Tigfusion/UltraHighVacuum.com manufacture reaction chamber for the Open University to simulate environment on Saturn's moon, Enceladus.
New research that will inform the search for life elsewhere in our Solar System is being conducted at the Open University (OU) using a bespoke reaction chamber built by Concept Vacuum. Huge geysers of ice and gas erupting from the south pole of Saturn’s moon Enceladus (pictured) were sampled by the NASA/ESA Cassini mission between 2004 and 2017. Cassini discovered that the plumes originate from an ocean of liquid water beneath Enceladus’s icy crust that contains the necessary conditions to support microbial life. Motivated by the possibility that extraterrestrial may exist under the surface of a moon of Saturn, missions are now being planned by international space agencies, such as NASA and ESA, to return to Enceladus to directly search for evidence of life ejected in the plumes.

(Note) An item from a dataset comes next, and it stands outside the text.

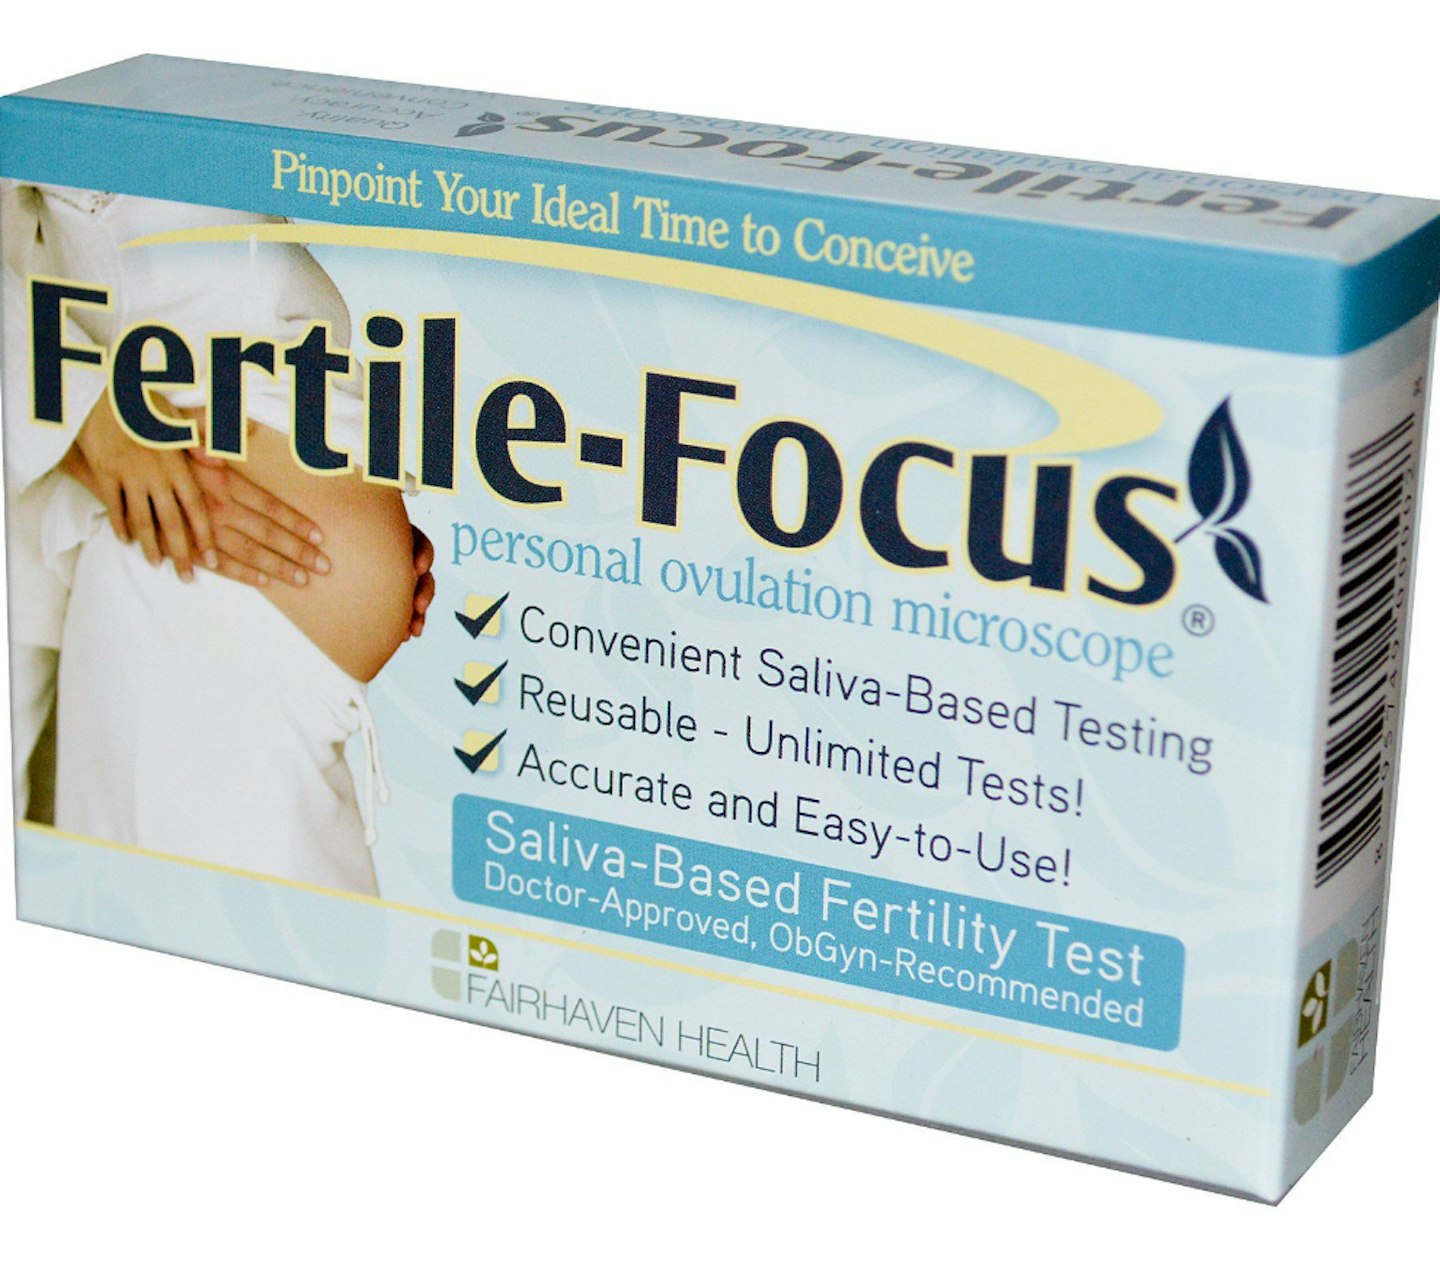 Fairhaven Health, Fertile-Focus, 1 Personal Ovulation Microscope, u00a322.56, iHerb
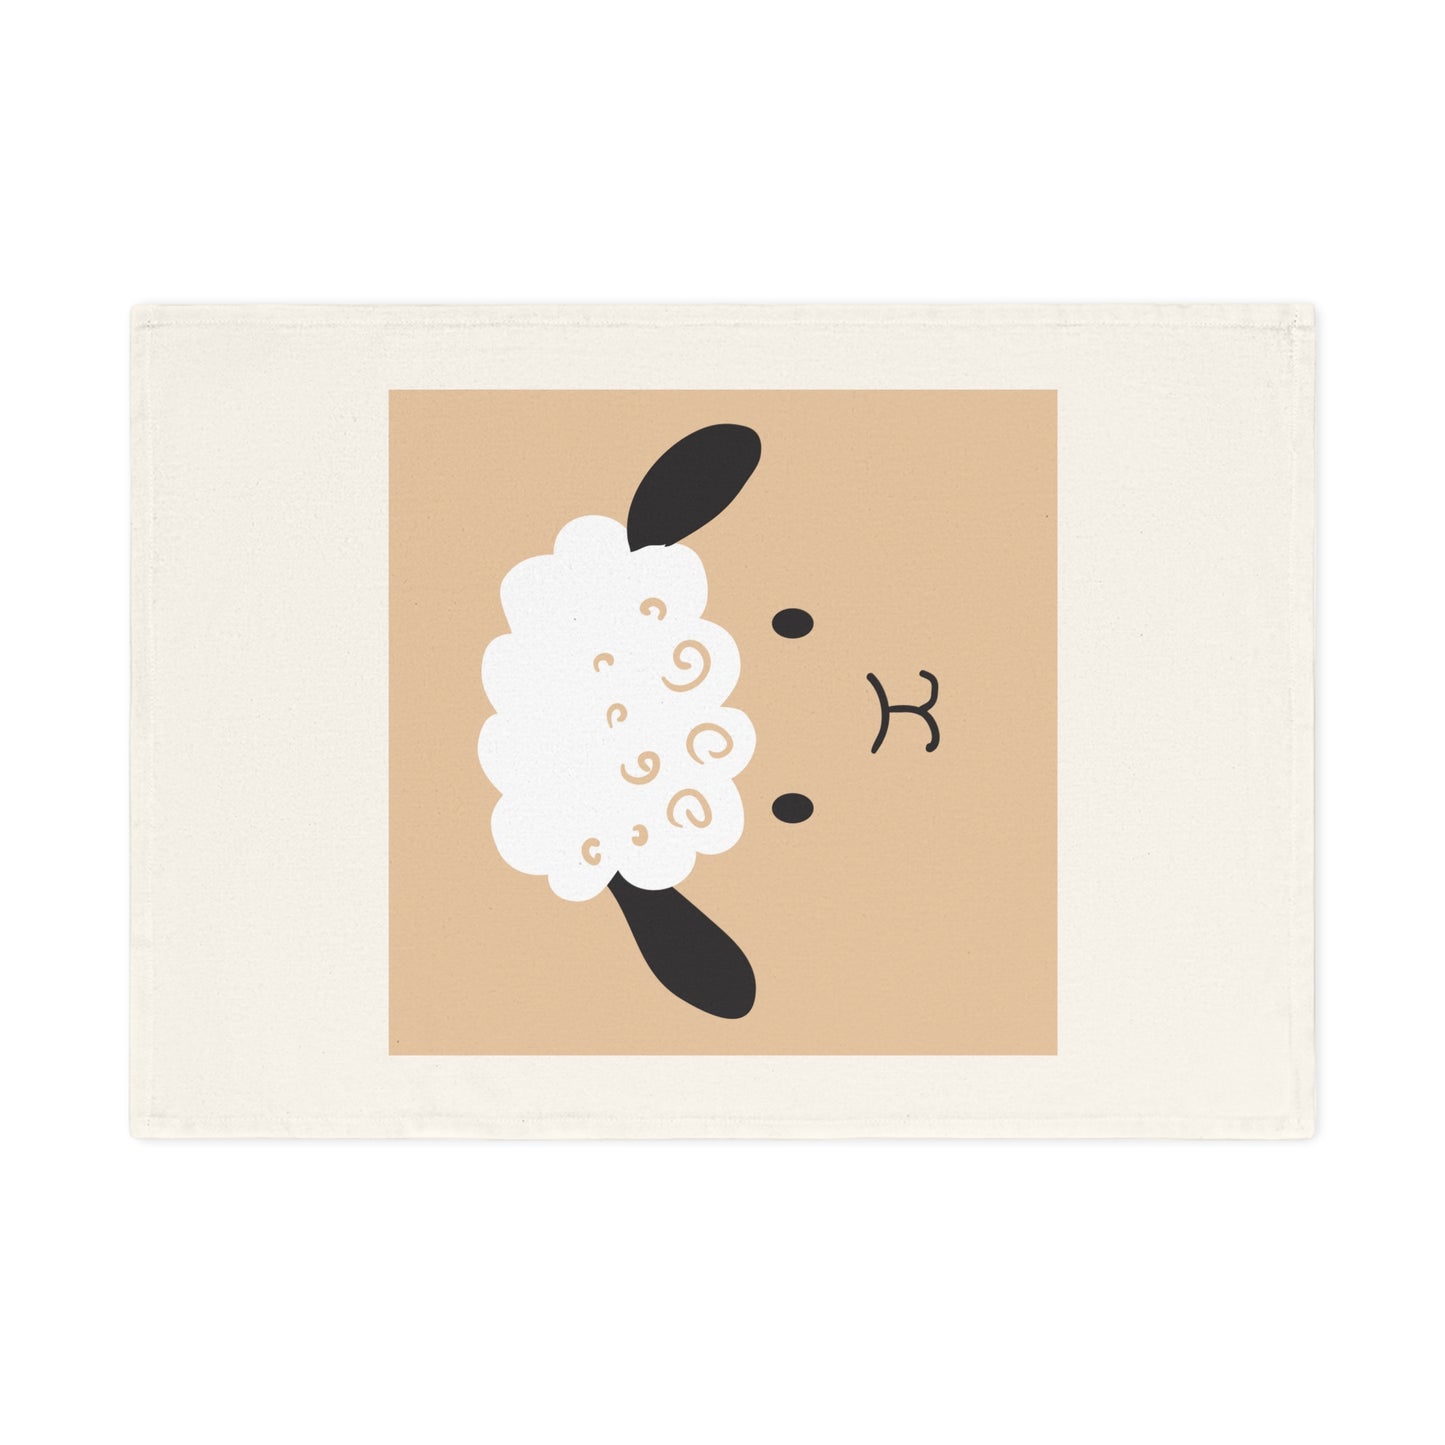 Torchon en coton biologique Sheep Relationsheep, 50 x 70 cm, torchon de cuisine écologique, torchon de salle de bain

A new set of experiments, led by Mark Fox-Powell and Dominic Siggs at the OU and enabled by a Concept Vacuum reactor, will simulate the conditions at the ocean surface deep within vents in the moon’s ice crust. It’s here that ocean waters are aerosolised by vigorous bubbling before being ejected as particles of ice in the plumes. Their work seeks to understand how biosignatures – traces of microbial life – can become entrained into these microscopic plume particles and thus erupted into space, laying the groundwork for future space missions.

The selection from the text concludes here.